Job Information
Honeywell HPC Technical Leader in Tempe, Arizona
The future is what you make it. When you join Honeywell, you become a member of our global team of thinkers, innovators, dreamers and doers who make the things that make the future. That means changing the way we fly, fueling jets in an eco-friendly way, keeping buildings smart and safe and even making it possible to breathe on Mars. Working at Honeywell isn’t just about developing cool things. That’s why all of our employees enjoy access to dynamic career opportunities across different fields and industries. Are you ready to help us make the future?

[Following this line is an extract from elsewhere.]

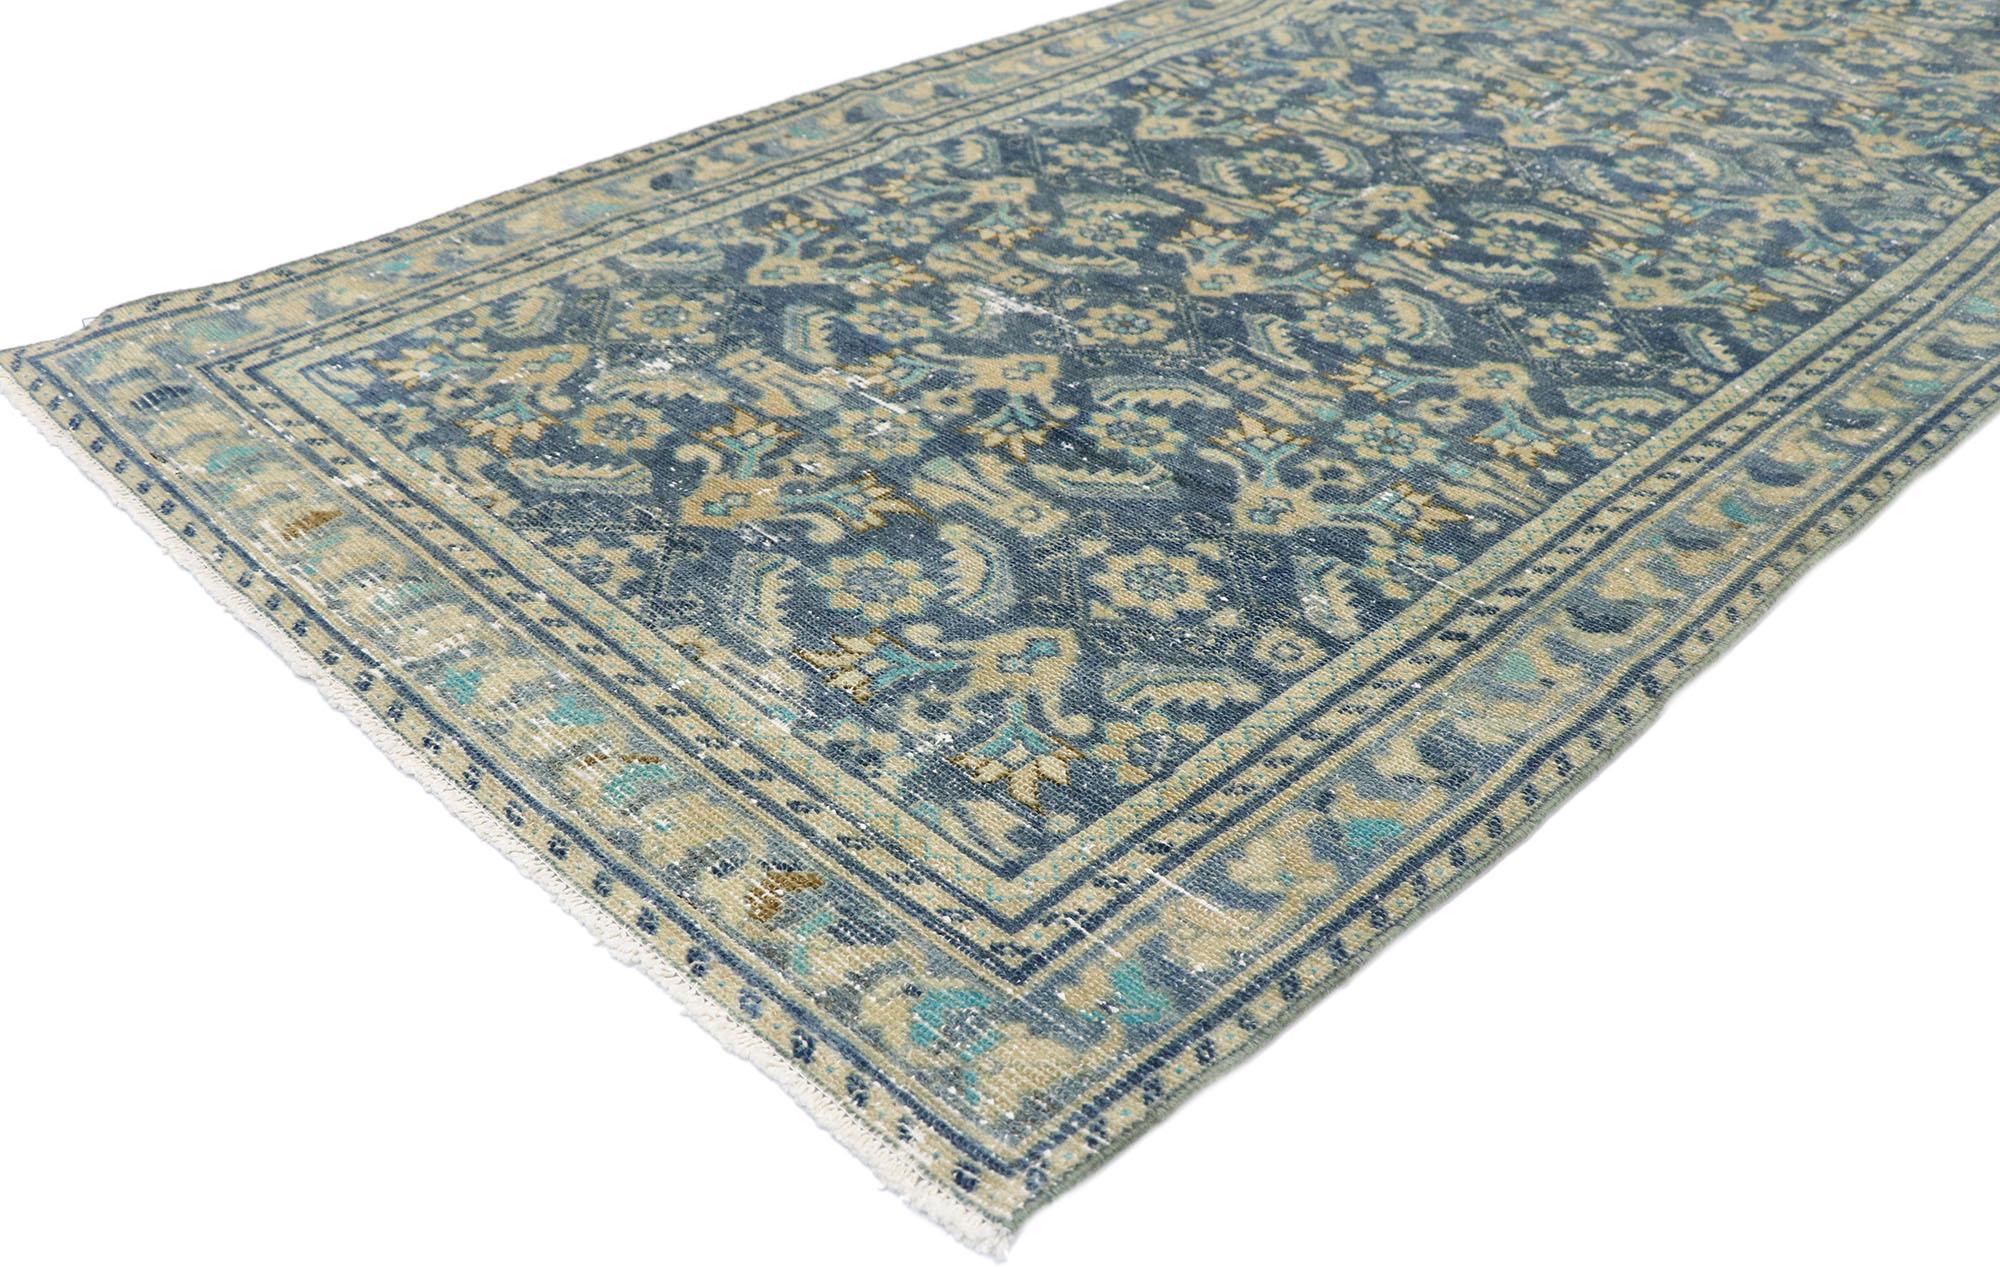 60835 distressed antique Persian Malayer Runner with Greek Mediterranean style. Cleverly composed and distinctively well-balanced, this hand knotted wool distressed antique Persian Malayer runner will take on a curated lived-in look that feels

The Enterprise Datacenter and Networks Organization designs, implements and operates a state-of-the-art Information Systems Infrastructure serving around 110,000 employees, in over 700 locations across 65 plus countries. We work with the latest and emerging technologies to deliver scalable, high performing, always available infrastructure services around the world. We deliver services that connect, host, virtualize, store, collaborate, integrate, compute and transact business solutions that utilizes cloud first, automation, analytics, “as a Service”, BIG data and software defined.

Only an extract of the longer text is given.